Conhecendo a Razão Áurea

Imagem de capa: Phi Nautilus. Roberta Conti, 2015 (ilustração). Acervo Wikipédia. Licença CC-BY-SA-3.0.

Autores:

Isabella Bellio da Nóbrega (Graduanda em Pintura, UFRJ).

Prof. Marcos Farina (ICB, UFRJ).

Do número nasce a proporção,
Da proporção se segue à consonância,
A consonância causa deleitação,
A nenhum sentido apraz a dissonância,
Unidade, igualdade e semelhança
São princípios do contentamento,
Em todos os sentidos o experimento
A alma na unidade glória alcança
Em todas as quantidades a igualdade
E a perfeição remota ou a mais chegada
Segundo a natural autoridade
E assim está nas qualidades assentada
Da mesma maneira a semelhança
Diva de ser sentida e contemplada

O misterioso número de ouro, no livro Camões e a Divina Proporção, Vasco Graça Moura (1942 – 2014). INCM – Imprensa Nacional Casa da Moeda, 1985. 

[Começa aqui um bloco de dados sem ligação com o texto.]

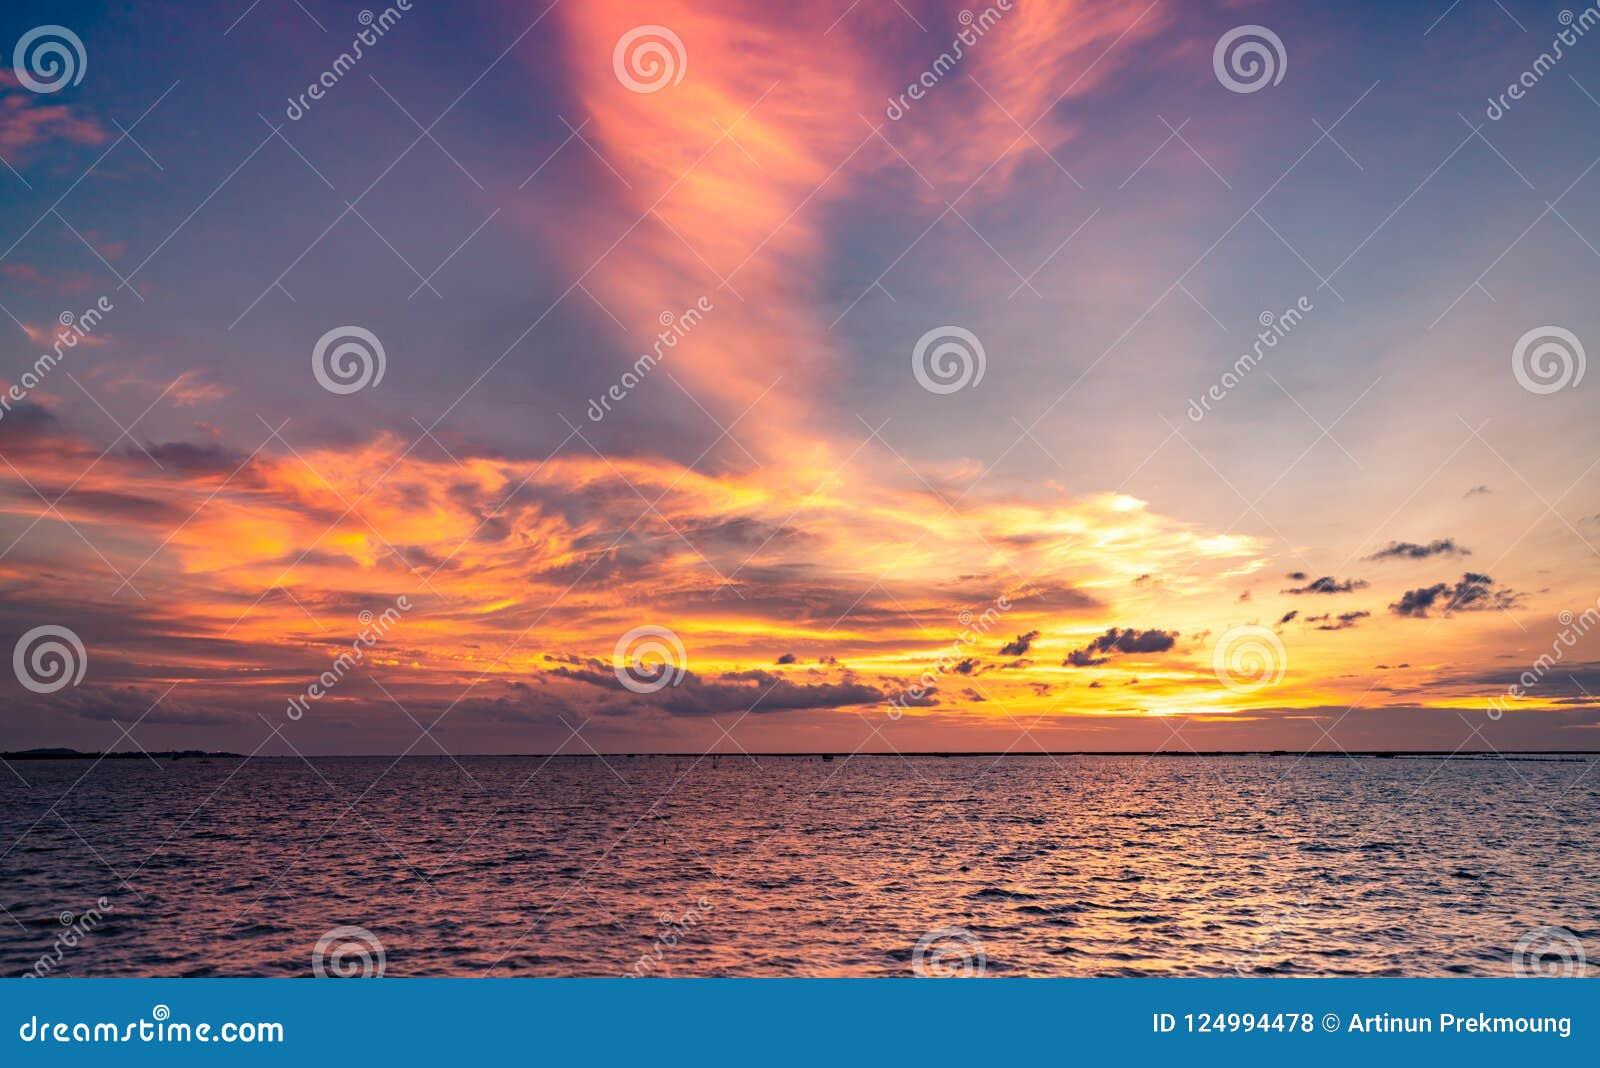 Beautiful Sunset Sky Beach Sunset Twilight Sea And Sky Tropical Sea At Dusk Dramatic Orange And Blue Sky Calm Sea Sunset Stock Photo Image Of Morning Clouds 124994478 Wallpaper hills sunset sky sea golden
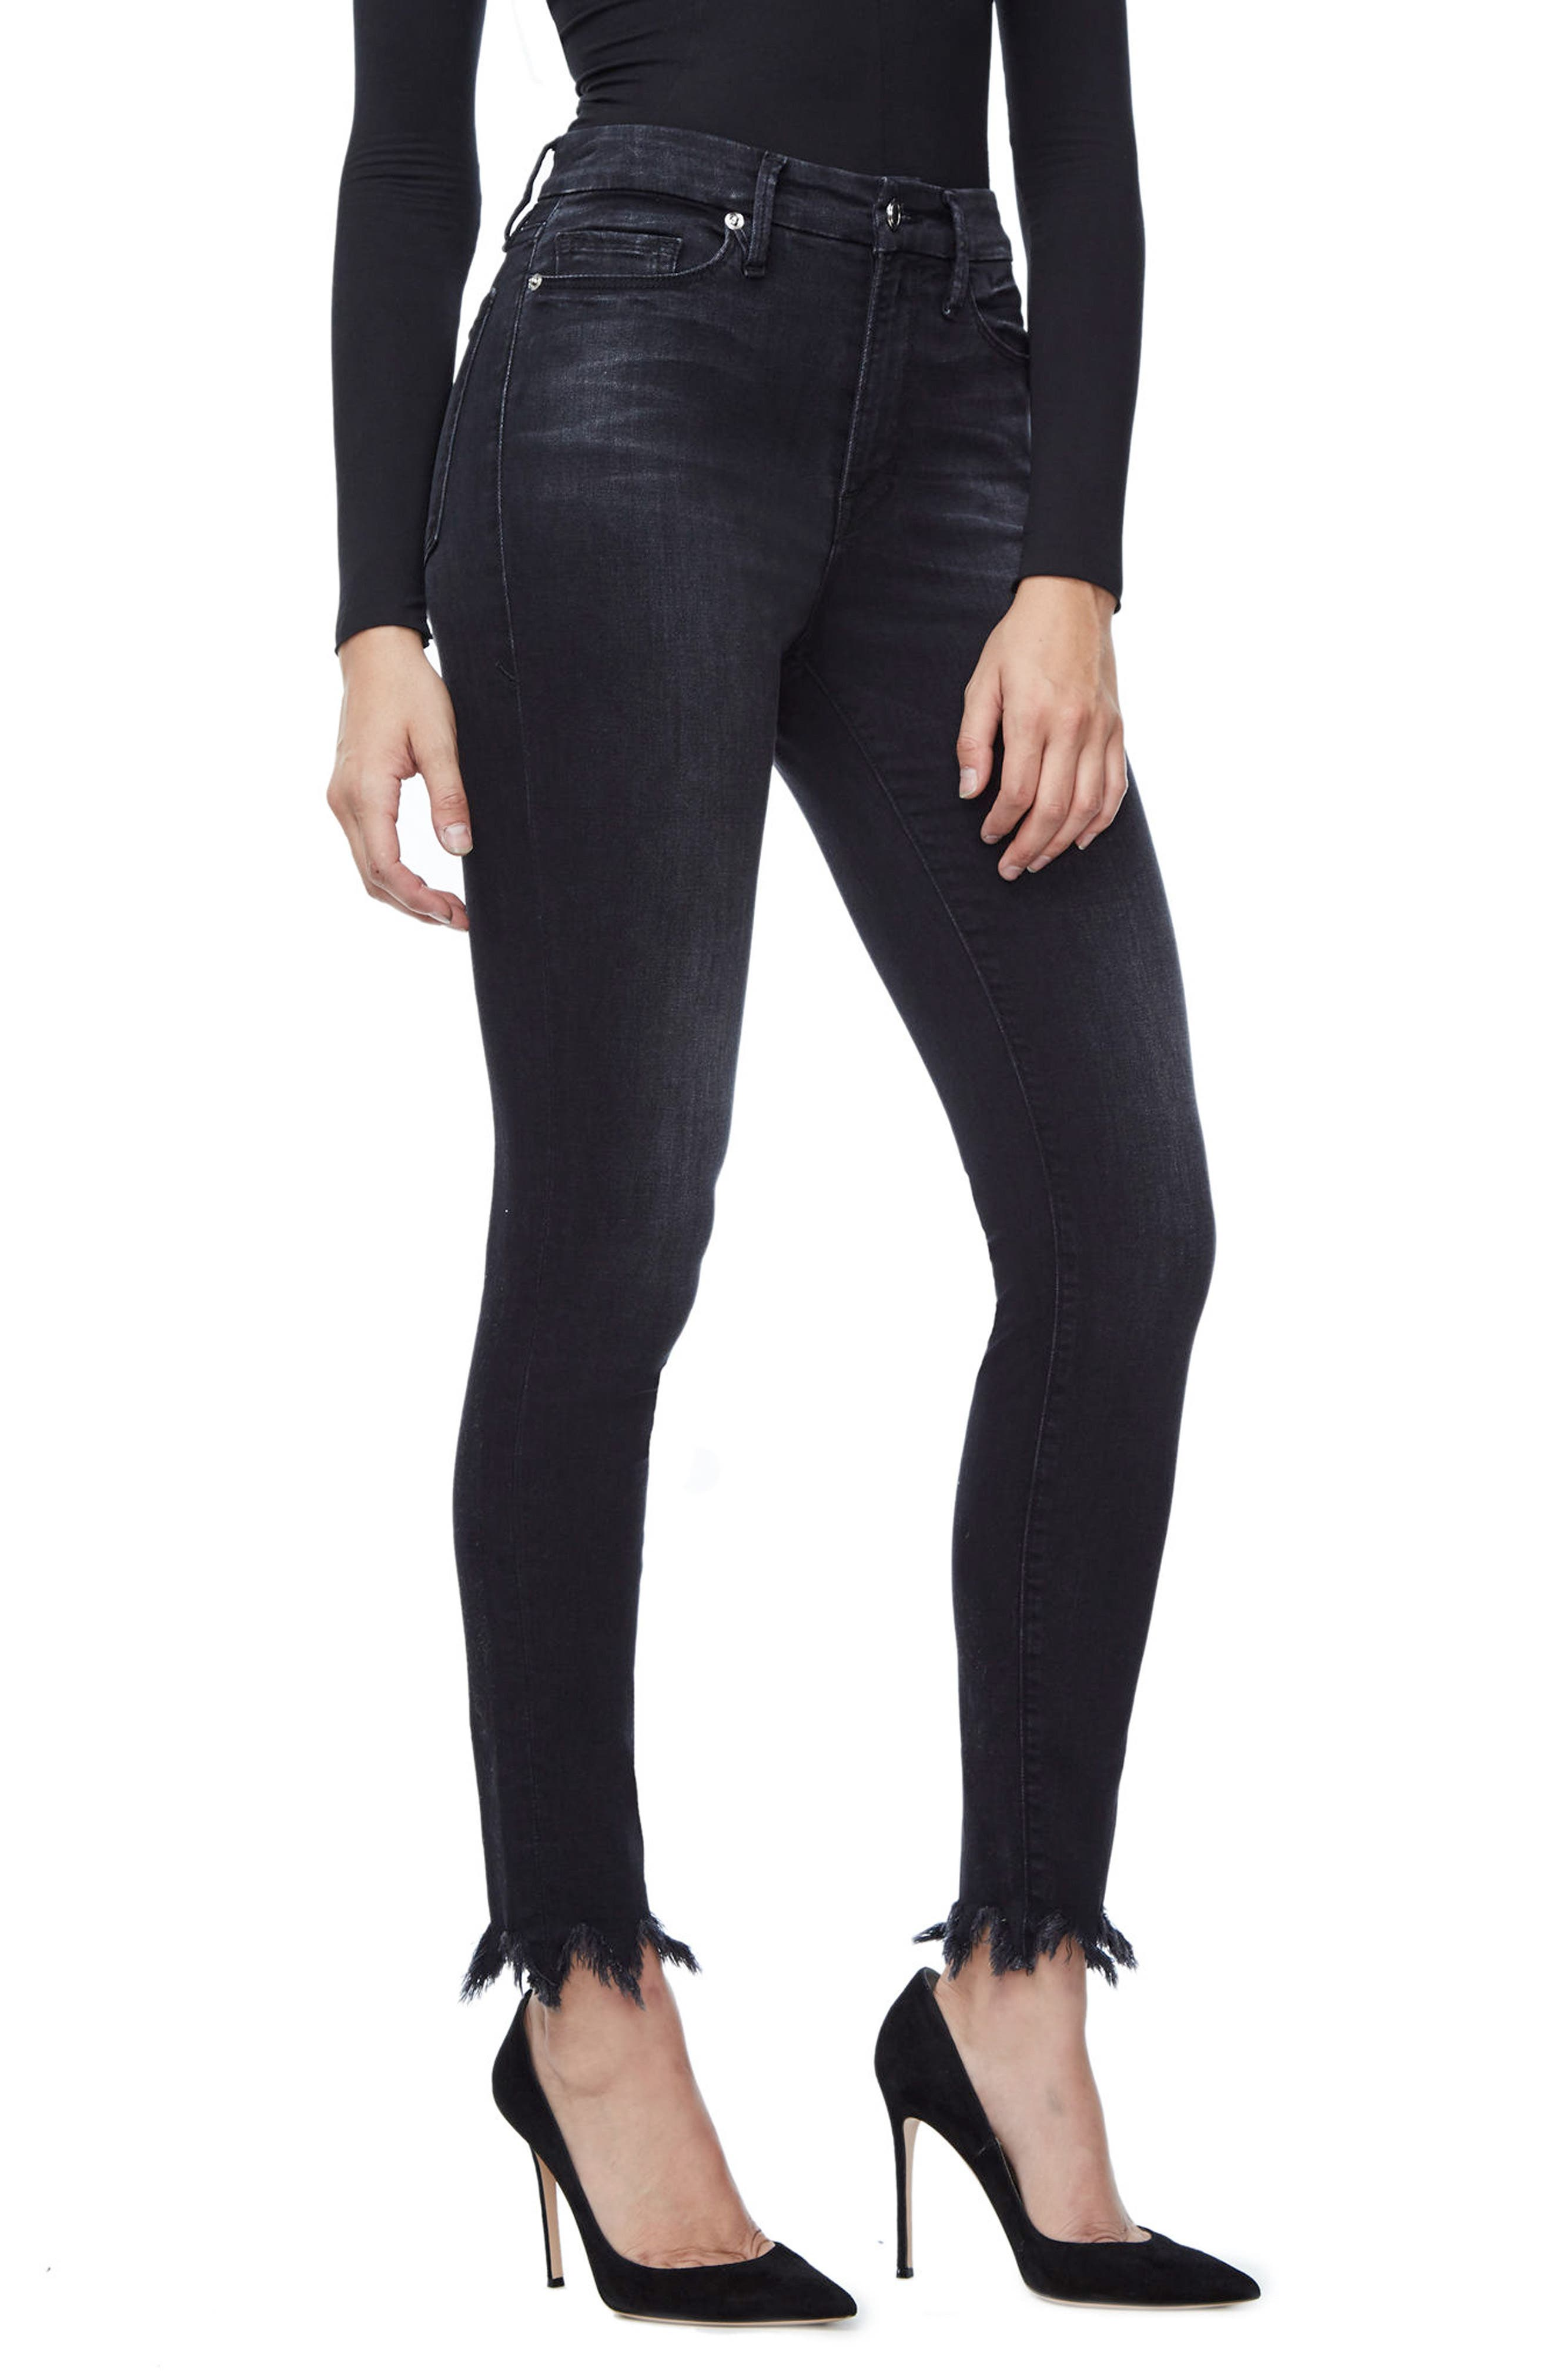 Main Image - Good American Good Waist Fray Hem Skinny Jeans (Black 012) (Extended Sizes)

A Definição da Proporção de Razão Extrema e Média

Em 300 a.C., o matemático grego Euclides de Alexandria, considerado pai da geometria, escreveu em seu tratado “Os Elementos” a definição para uma proporção derivada da simples divisão de uma linha, a qual ele chamou de “razão extrema e média”.

Nas palavras de Euclides:

“Diz-se que uma linha reta é cortada na razão extrema e média quando,

assim como a linha toda está para o maior segmento,

o maior segmento está para o menor.”

Vamos visualizar isso geometricamente. Observe a imagem abaixo.

Figura 1. Linha cortada em 2 segmentos. Linha toda (AB);
maior segmento (AC); menor segmento (CB).

Na Figura 1, temos que a linha AB é maior que o segmento AC, que por sua vez é maior que o segmento CB. Se a razão do comprimento de AB para o comprimento de AC for igual à razão de AC para CB, a linha foi cortada na razão extrema e média – hoje em dia mais conhecida como Razão Áurea.

A Construção Geométrica da Proporção

Para encontrar geometricamente o ponto que divide uma linha na razão áurea, primeiro dividimos a linha no seu ponto médio. Para isso, colocamos a ponta seca de um compasso no extremo A da linha AB, abrimos até o outro extremo e traçamos um círculo, assim teremos o círculo com centro no extremo A e raio de tamanho AB. Depois de repetir este processo com o outro extremo da reta, sem alterar a abertura do
compasso, unimos os pontos onde os círculos se cruzam traçando outra linha, como na Figura 2.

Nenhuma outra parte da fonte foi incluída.